Пасторский сюртук. Гуннар Эммануэль
Шрифт:
Герман с бранью выставил его вон, снабдив дукатом. Эрмелинда, помедлив, принялась за еду и скоро уже ела с аппетитом. Герман ласково наблюдал за нею. Бедняжка, они и на еду скупятся. Однако вскоре сострадание сменилось ужасом. Эрмелинда ела с необузданной, прожорливой жадностью, хватала куски обеими руками и алчно жевала, рот ее был в соусе и крошках хлеба. Неужели до такой степени изголодалась? Он совершенно растерялся. Но, как ни странно, еда словно бы возвращала Эрмелинду в здоровый бодрствующий мир. Временами она замирала, оглядывалась по сторонам. Наконец, порозовевшая, положила вилку. Сдернула с кровати простыню и закуталась в нее таким благородным и стыдливым жестом, что Герман едва не задохнулся от нежности и, всхлипнув, прикусил жабо, подавляя рвущийся из горла животный крик. Он был как стальной прут, по которому стукнули молотком, и все его существо откликнулось, запело, вибрируя одной-единственной нотой Любви.

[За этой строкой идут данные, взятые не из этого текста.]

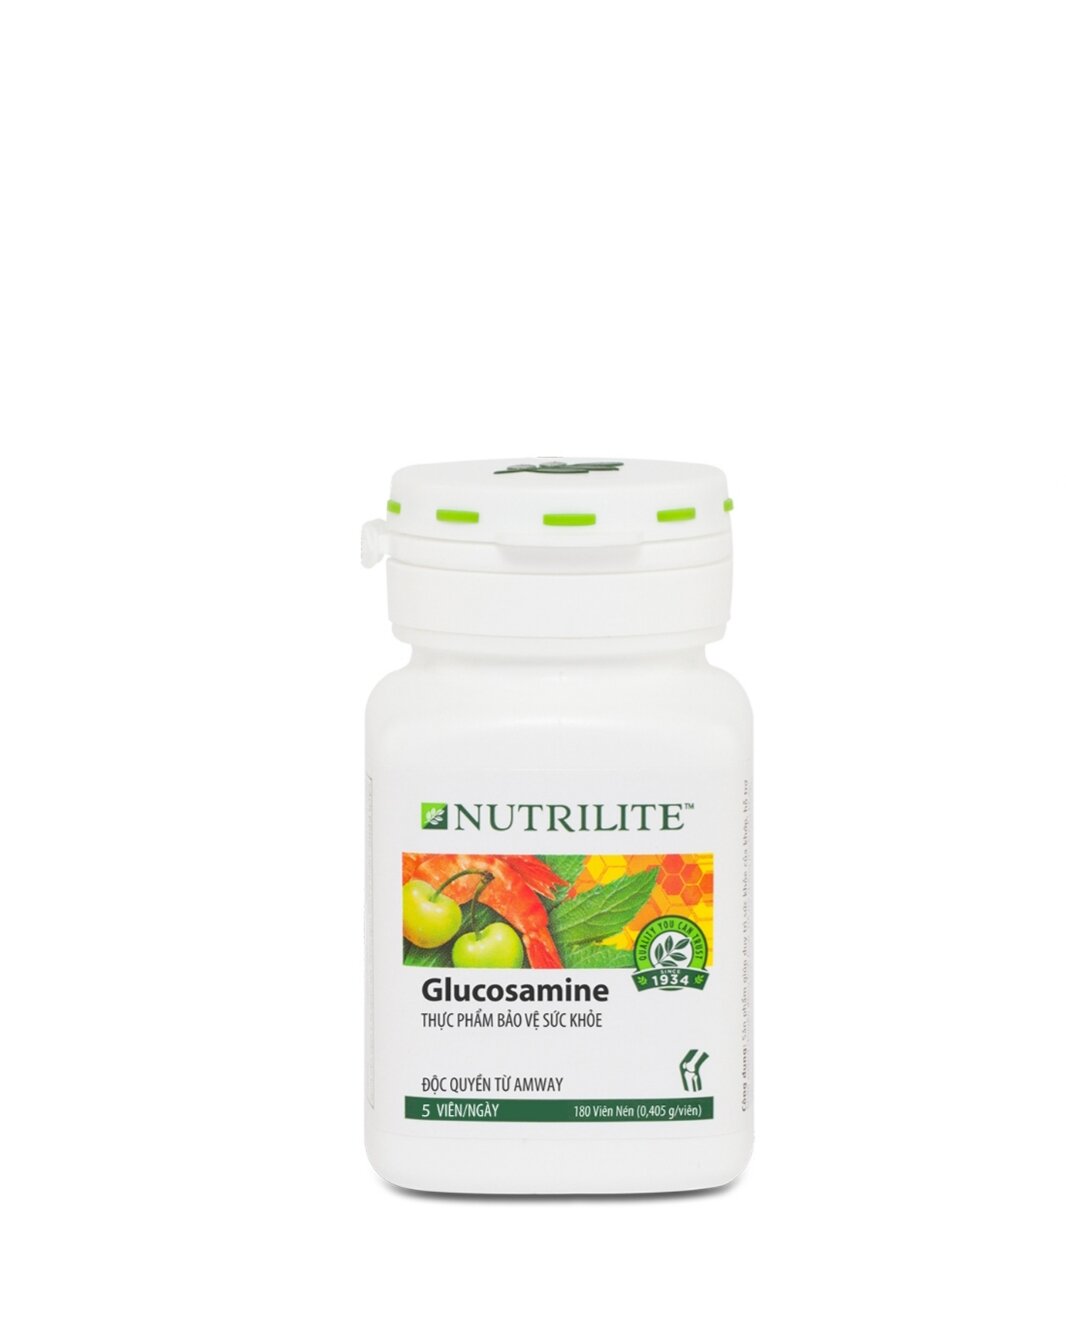 Thực phẩm bảo vệ sức khỏe nutrilite glucosamine - ảnh sản phẩm 1

— Барышня Эрмелинда… Теперь вам
— Спасибо, гораздо лучше. Но, пастор, не зовите меня барышней. Вы знаете, кто я сейчас и где мы находимся. Это вы теперь — господин.
Герман молитвенно сложил руки. Он был бледен, подбородок дергался и дрожал от душевного волнения.
— Сударыня… Барышня Эрмелинда… Дома, в Вальдштайне, когда вы были моей повелительницей, я, бывало, часто возмущался и роптал на вашу гордыню и власть… Но теперь… Именно теперь вы поистине моя повелительница, а я — всего-навсего ваш слуга. Приказывайте, я подчинюсь. Если вы одарите меня чем-то сверх ваших приказаний, это будут дары милости и благоволения, коих я не вправе ни требовать, ни ждать. Помните об этом. В Вальдштайне вы были просто баронессой, а здесь вы — царица, и эта постель — ваш трон. Не унижайтесь передо мною. Помните, кто вы.
Она залилась краской и посмотрела на него не без приязни. Он даже покачнулся от этого взгляда и от счастья, бремя которого было почти невыносимым. Что-то, чего он не ждал, ласково и до невозможности мягко подступало К нему, как избавление от долгого судорожного припадка.
— Ах, что вы такое говорите. Вспомните, кто я… Вы желаете не столь уж мало. И вообще… Разве я вправе приказывать? Хотя убежать отсюда было бы очень неплохо.
— Положитесь на меня. Но пока еще не время, дождемся, чтобы все уснули. Терпение. Всего несколько часов.
— Я умею ждать.
Они замолчали. Герман обвел взглядом убогую обшарпанную комнату. Эрмелинда плотнее закуталась в простыню.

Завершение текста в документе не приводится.